# Applewood Smoked Cheddar!



## Steve Andrews (Feb 3, 2019)

Some Applewood Smoked Cheddar I did back in November, decided to crack it open today and it was amazing...
Curious, what's the average rest people wait to enjoy their smoked cheese, I have always heard a minimum of 2 weeks as a rule of thumb.
Wondering how long this stuff would last in the fridge un-opened vac sealed, seemed like the longer it sat the better it got.

Cheers,


----------



## TomKnollRFV (Feb 3, 2019)

Sure looks good to me! 

When I went to Hennings <super good cheese maker by me> I actually was talking to the staff and if it is properly vaccum sealed and in a fridge after being smoked, it never goes bad. One of their employees has cheese they cold smoked five years ago she told me. If I remember correctly I have infact seen cheese here that was over a decade old with no going bad. 

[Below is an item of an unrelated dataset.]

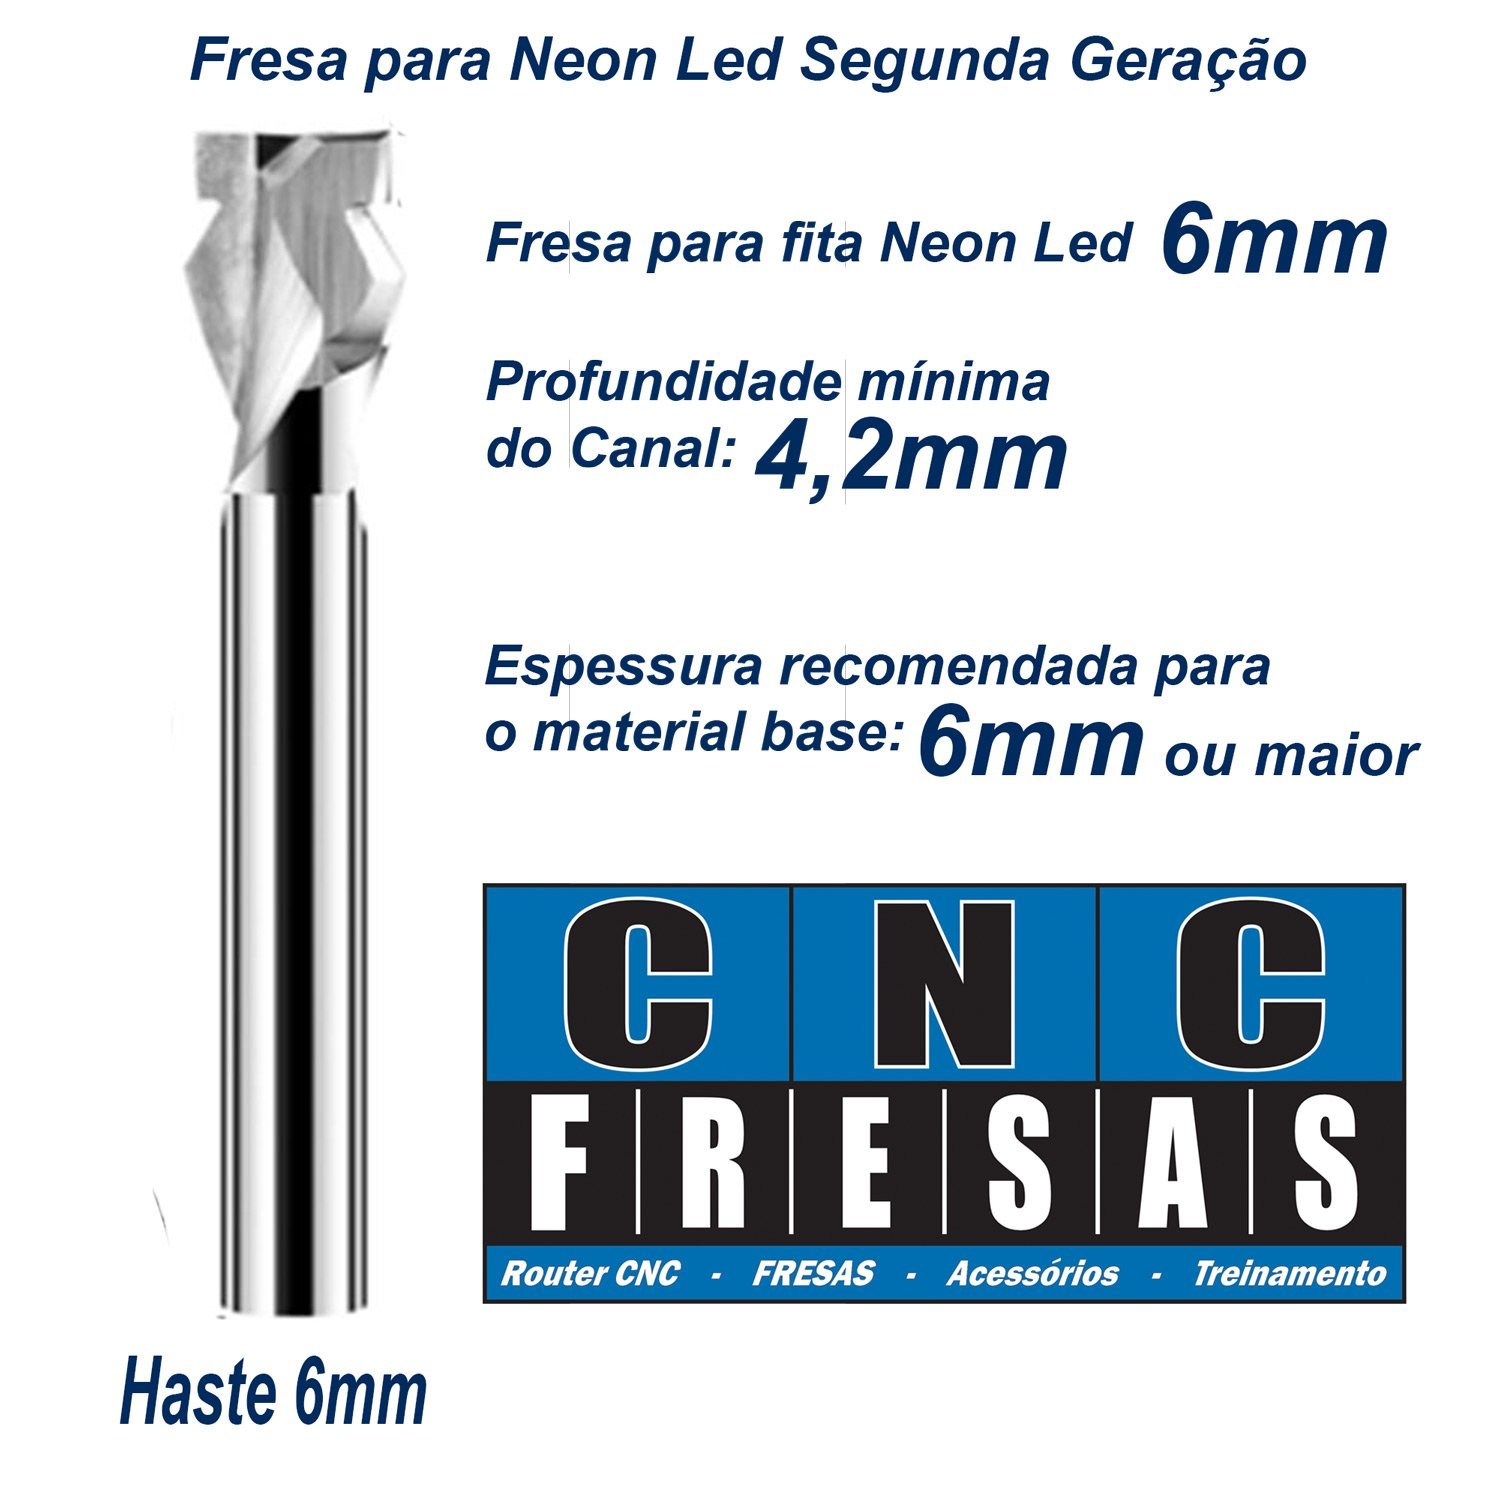 Fresa Canal LED Neon 2 Geração FITA Led 6mm - Canal 4,2mm - Haste 6mm CNCFRESAS - 2
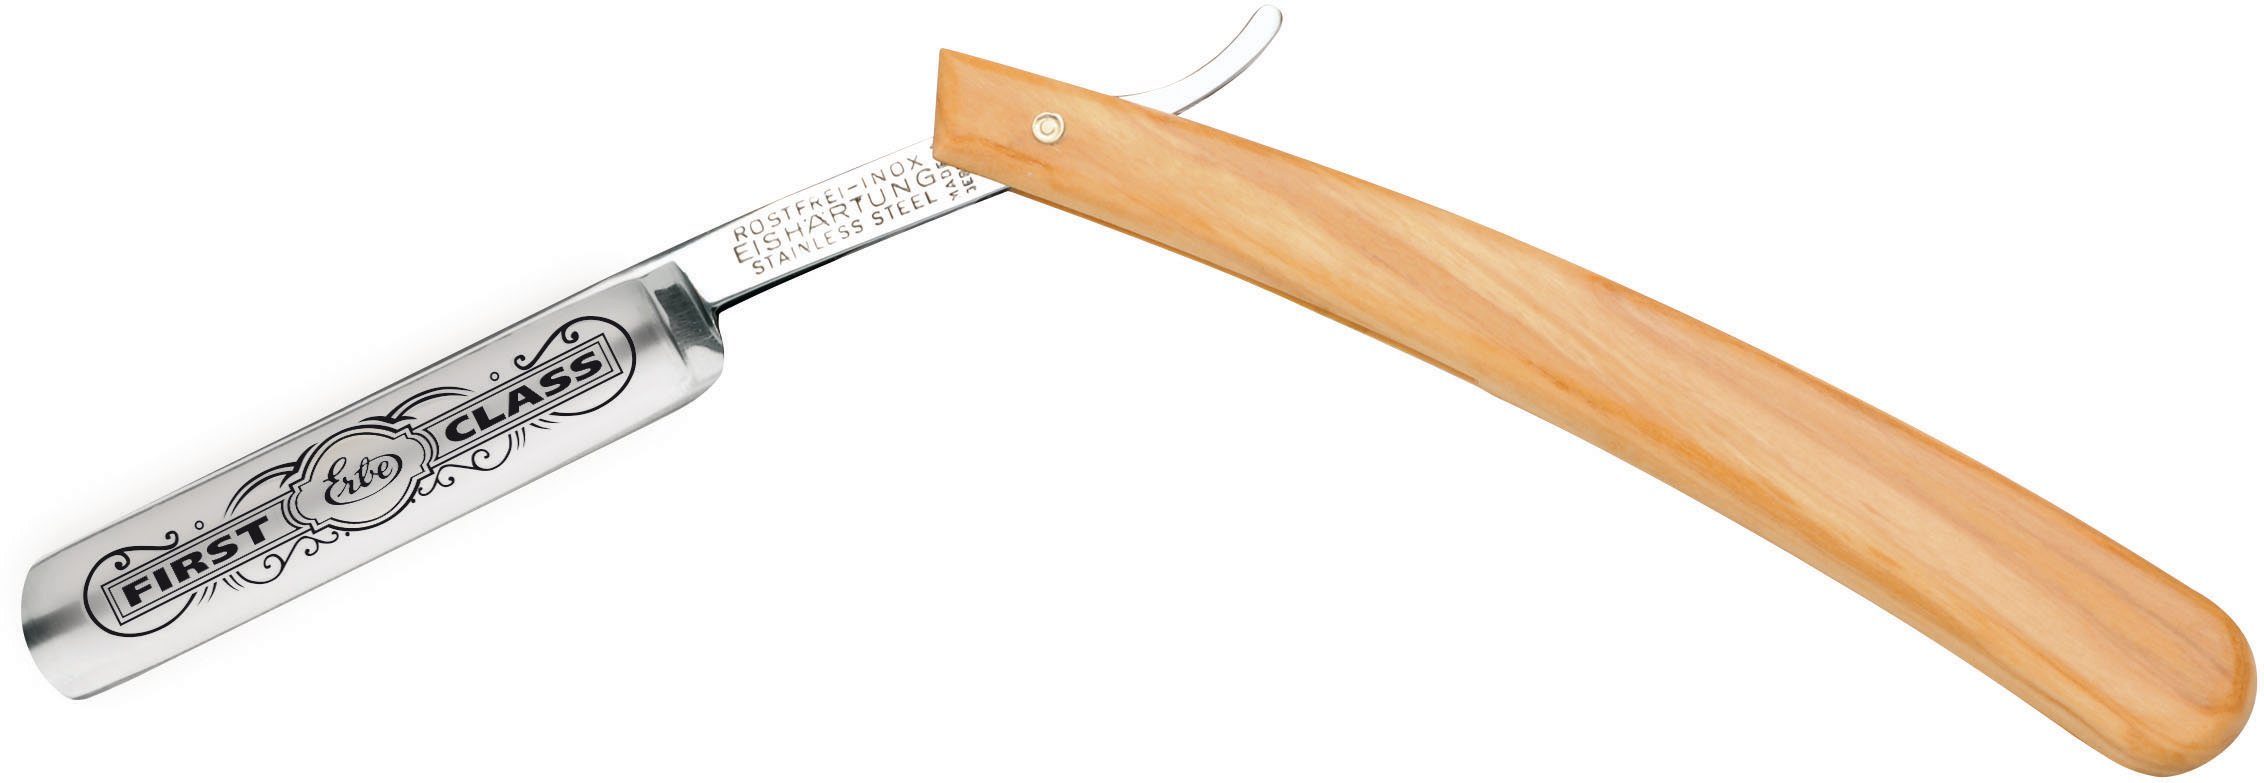 ERBE Rasiermesser mit Olivenholz-Griff Qualitäts-Rasiermesser

I stray even longer then two weeks my self now.


----------



## Steve Andrews (Feb 3, 2019)

I may have to do a few blocks and hide them for next Christmas if that's the case.

Thanks!


----------



## gmc2003 (Feb 3, 2019)

Looks really good, nice color on that. Since I switched over to using dust. I can basically eat it the same day. It's still a tad harsh, but eatable. I normally wait at least a week. 

Chris


----------



## Steve Andrews (Feb 3, 2019)

gmc2003 said:


> Looks really good, nice color on that. Since I switched over to using dust. I can basically eat it the same day. It's still a tad harsh, but eatable. I normally wait at least a week.
> 
> Chris


Any reason you switched to Dust? Just curious...


----------



## SecondHandSmoker (Feb 3, 2019)

I'd wait at least two weeks.  But yeah, the longer it sits and mellows, the better it is.
I smoked two batches at the start of January, one batch applewood and the other batch with cherry.
My wife and I broke into the applewood smoked cheese after two weeks.  
Last week we finally broke into the cherry smoked batch.
What a treat that was.
Smoked a batch of colby, sharp cheddar, pepper jack, and swiss with applewood on Jan 29th and I'm thinking to let that that mellow for a month or longer.


----------



## Braz (Feb 3, 2019)

I have had vac sealed refrigerated smoked cheese held for a year with no problem. I'm sure it could have been good for much longer if I hadn't eaten it.


----------



## yankee2bbq (Feb 3, 2019)

Like Chris I switched to dust also.  I can only speak for myself, I switched because pellet dust creates a lighter smoke.  I smoke for 4 hours, using a pellet tube.  Also, I use an old meat grinder to “finely grind/ make dust from apple pellets.  This is just me and my family’s preference.  I can definitely tell a deference between pellets and dust.
Hope this helps.


----------



## Steve Andrews (Feb 3, 2019)

yankee2bbq said:


> Like Chris I switched to dust also.  I can only speak for myself, I switched because pellet dust creates a lighter smoke.  I smoke for 4 hours, using a pellet tube.  Also, I use an old meat grinder to “finely grind/ make dust from apple pellets.  This is just me and my family’s preference.  I can definitely tell a deference between pellets and dust.
> Hope this helps.



I may try dust next time, thanks!


----------



## gmc2003 (Feb 4, 2019)

Justin has you covered. Dust burns much cleaner/lighter then pellets. I only smoke for 2 to 3 hours. When smoking cheese for the wife and I. We like a liter smoke profile.

Chris


----------



## SmokinAl (Feb 4, 2019)

I only do cheese one time per year & make enough to last the whole year.
Never had any go bad as long as they were vac packed & in the fridge.
Al


----------



## bbqbrett (Feb 6, 2019)

I usually wait about a month.  However the last time I did smoked cheese was last April.  Opened up the last sharp cheddar and a swiss about a month ago and it was great.  Still have two 8oz hickory smoked pepper jack that I have yet to open.


----------



## Hawging It (Feb 6, 2019)

Steve Andrews said:


> Some Applewood Smoked Cheddar I did back in November, decided to crack it open today and it was amazing...
> Curious, what's the average rest people wait to enjoy their smoked cheese, I have always heard a minimum of 2 weeks as a rule of thumb.
> Wondering how long this stuff would last in the fridge un-opened vac sealed, seemed like the longer it sat the better it got.
> 
> ...


Looks tasty!


----------